← return to practice.dsc10.com
This quiz was administered in-person. It was closed-book and
closed-note; students were not allowed to use the DSC
10 Reference Sheet. Students had 20 minutes to work on
the quiz.
This quiz covered Lectures 13-18 of the Spring 2026 offering
of DSC 10.
Note (groupby / pandas 2.0): Pandas 2.0+ no longer
silently drops columns that can’t be aggregated after a
groupby, so code written for older pandas may behave
differently or raise errors. In these practice materials we use
.get() to select the column(s) we want after
.groupby(...).mean() (or other aggregations) so that our
solutions run on current pandas. On real exams you will not be penalized
for omitting .get() when the old behavior would have
produced the same answer.
Regal jumping spiders (Phidippus regius) are gaining popularity as pets, and are known for their ability to jump many times more than their body length. Sofia’s sister has a pet jumping spider named Elise, whose jumps we will study in this quiz.

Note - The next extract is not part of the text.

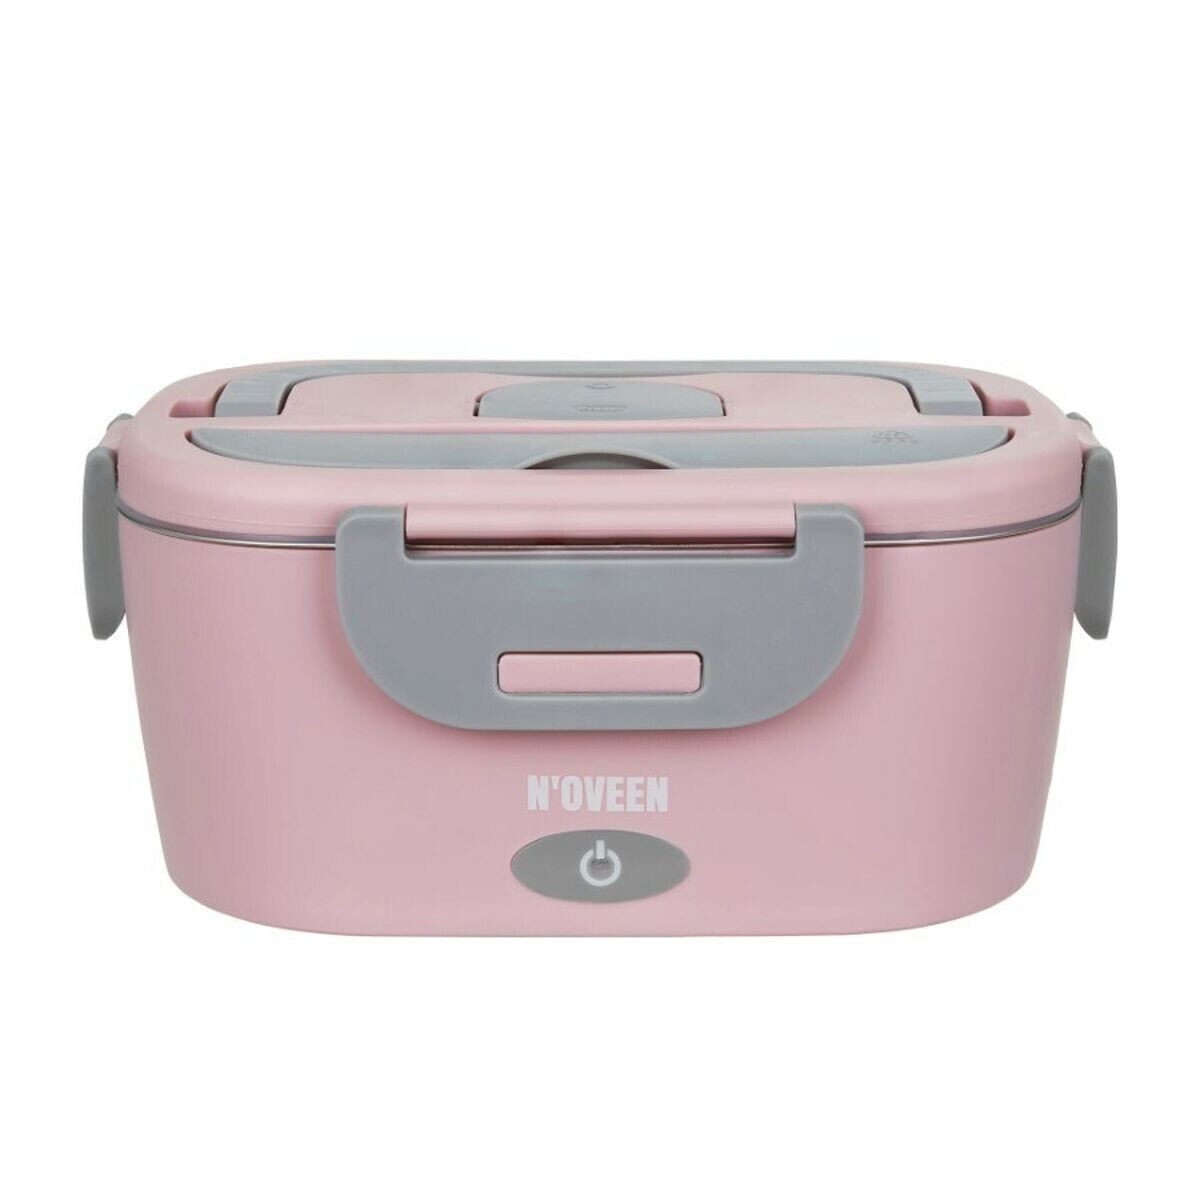 Lunch box N'oveen LB755 Grey Pink

The elise DataFrame contains 400 rows (i.e. recorded
jumps) and has the following columns:
"distance" (int): the horizontal distance,
in millimeters, of Elise’s jump"time" (str): the time of day during which
the jump occurred—either "morning",
"afternoon", or "night""humidity" (int): the percent humidity of
Elise’s enclosure, at the time of the jump
Jumping spiders prefer humidity to be between 50 and 70
percent. Suppose the "humidity" column has mean 60, and the
range [48, 72] is the smallest range
guaranteed to contain at least 75\% of
the values in "humidity". What is the standard deviation of
"humidity"?
Answer: 6
The average score on this problem was 55%.
Elise tends to be most active during the afternoon. Fill in the
blanks below to produce 10,000 bootstrapped estimates of Elise’s mean
jumping distance during the afternoon. Store these estimates in the
array aft_means.
aft = elise[__(a)__]
aft_means = np.array([])
for i in np.arange(10000):
resample = __(b)__
estimate = resample.get("distance").mean()
aft_means = __(c)__
(a): elise.get("time") == "afternoon"
(b):
aft.sample(aft.shape[0], replace=True)
(c): np.append(aft_means, estimate)
The average score on this problem was 75%.

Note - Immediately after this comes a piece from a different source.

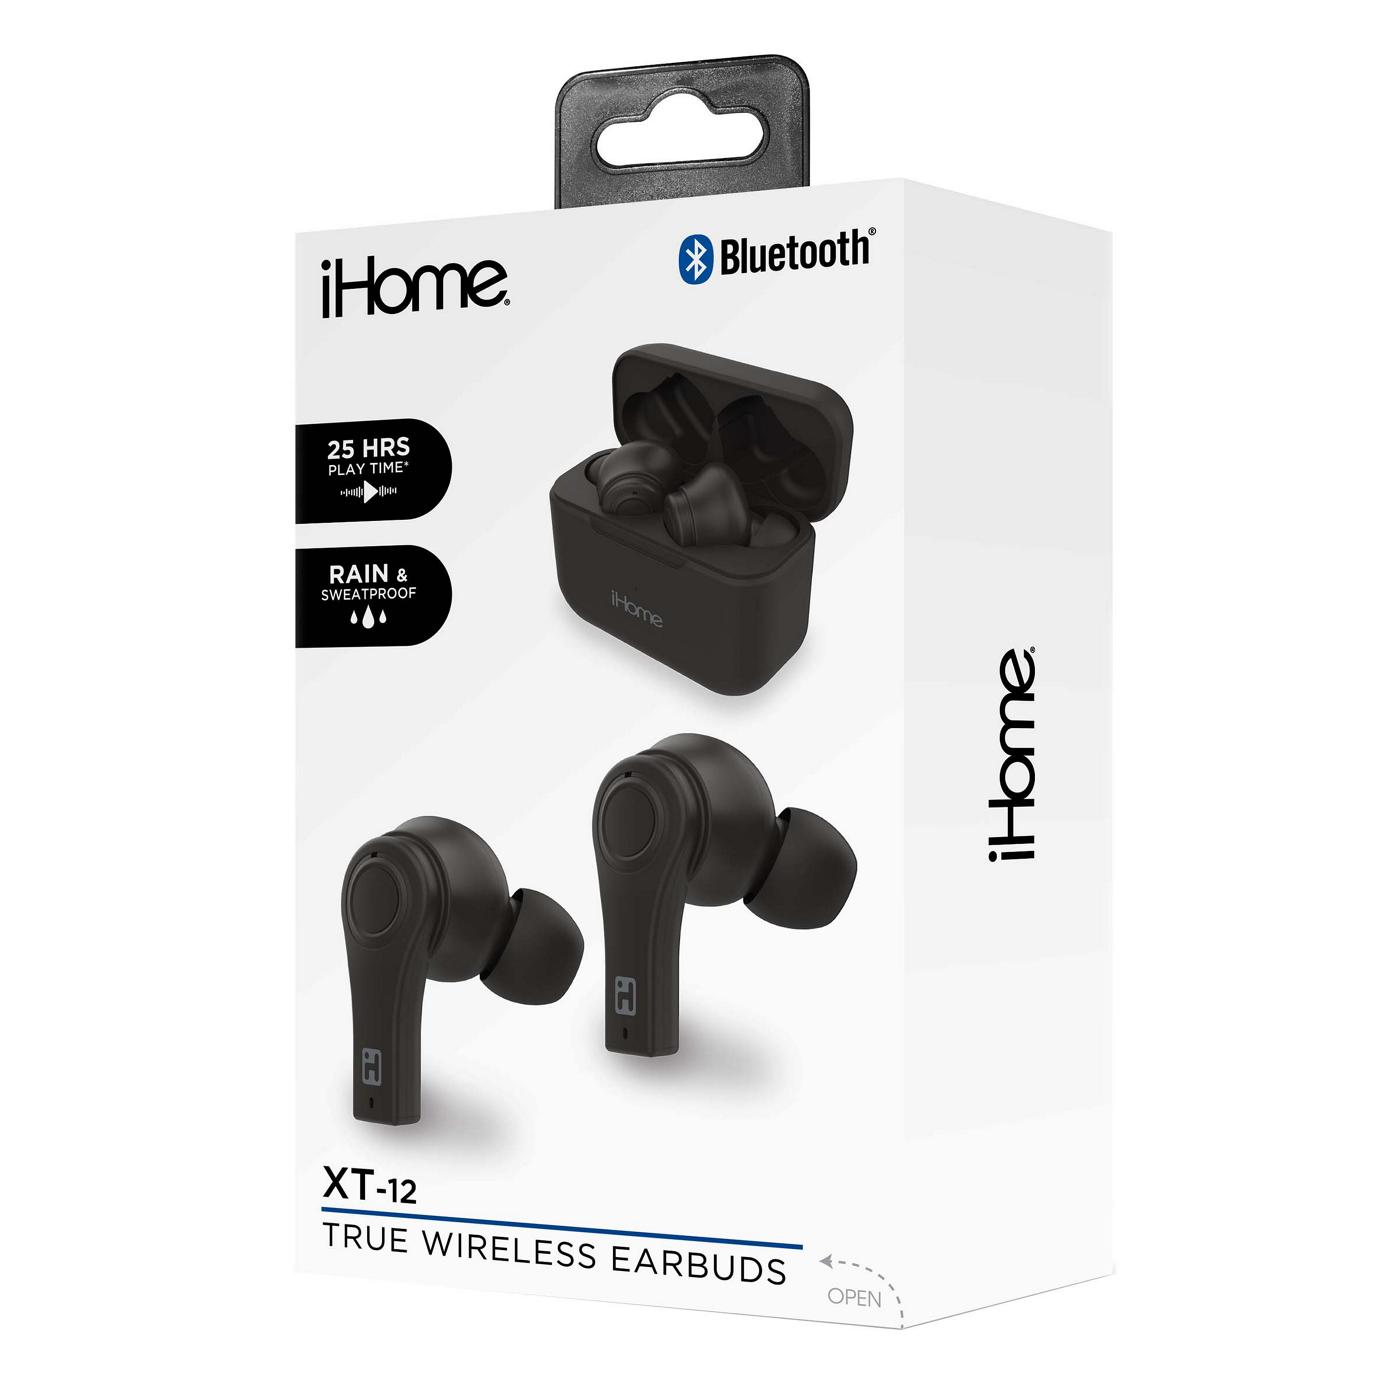 iHome True Wireless XT-12 Earbuds with Charging Case - Black

Write code to compute the endpoints of a 70\% bootstrapped confidence interval for
Elise’s mean afternoon jumping distance, using the values in
aft_means.
left = __(d)__
right = __(e)__
(d): np.percentile(aft_means, 15)
(e): np.percentile(aft_means, 85)
The average score on this problem was 81%.
A jump is considered a long jump if it is at least 100 millimeters in
length. Sofia creates a new DataFrame called long,
containing only the rows in elise that correspond to long
jumps. Suppose the distribution of the "distance" column in
long is approximately normal, with mean 144 and variance
36.
Fill in the blank to add a new column to long called
"distance_su", containing the same information as the
"distance" column but converted to standard units.
standard_units = __(a)__
long = long.assign(distance_su = standard_units)

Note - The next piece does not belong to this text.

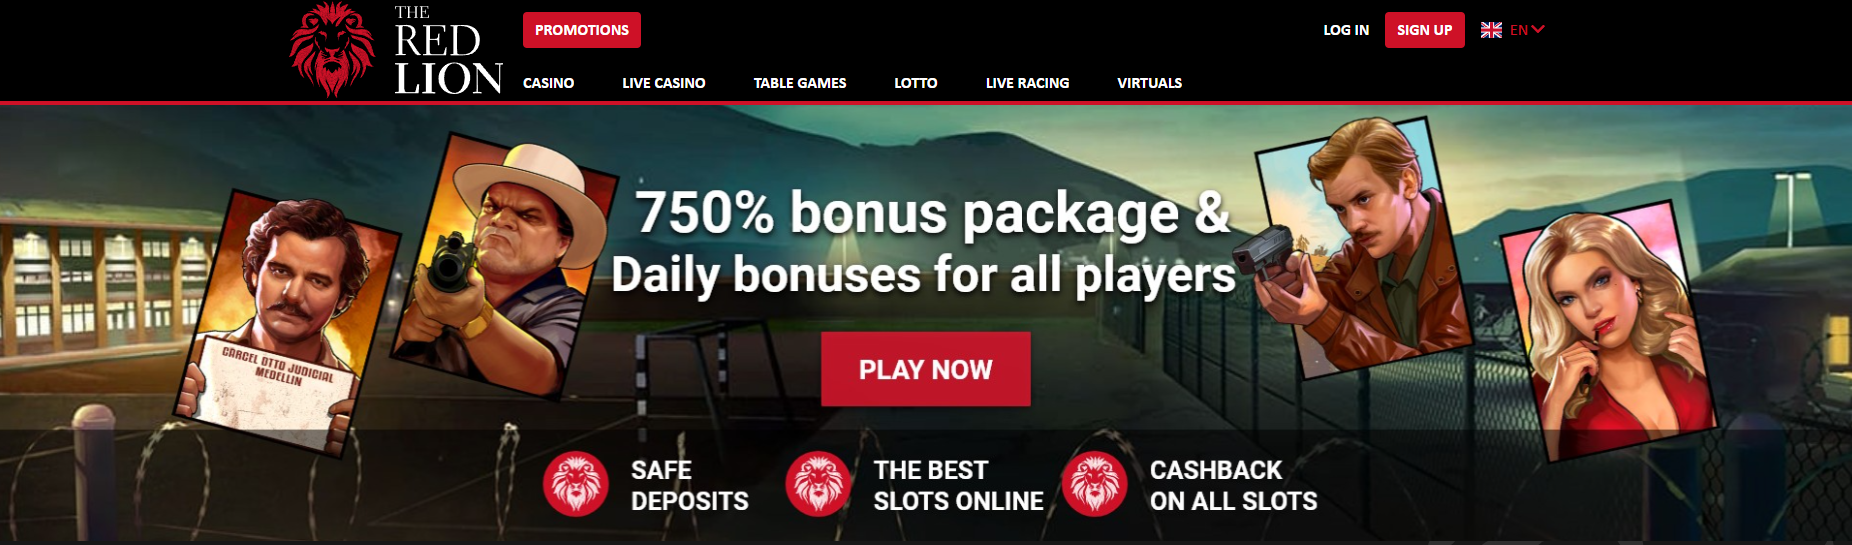 Red Lion Casino Homepage

(a): (long.get("distance") - 144)/6
The average score on this problem was 51%.
Is "distance_su" approximately normally distributed?
Yes
No
Answer: Yes
The average score on this problem was 91%.
Assume we have run from scipy import stats. Using
stats.norm.cdf, write a Python expression that evaluates to
the approximate proportion of distances in long that are at
least 140 millimeters.
Answer: 1 - stats.norm.cdf(-2/3)
The average score on this problem was 36%.
The data in long can be thought of a sample from the
population of all long jumps that Elise takes. Suppose we use the data
in long to create a 95% CLT-based confidence interval for
the mean distance of all long jumps by Elise (a population parameter).
The resulting interval is wider than we’d like, so we decide to collect
a new sample that is just large enough to guarantee that the width of
the resulting 95% confidence interval is no more than \frac32, assuming the new sample has the same
standard deviation as the original. How large of a sample should we
take? Give your answer as an integer.
Answer: 256
The average score on this problem was 45%.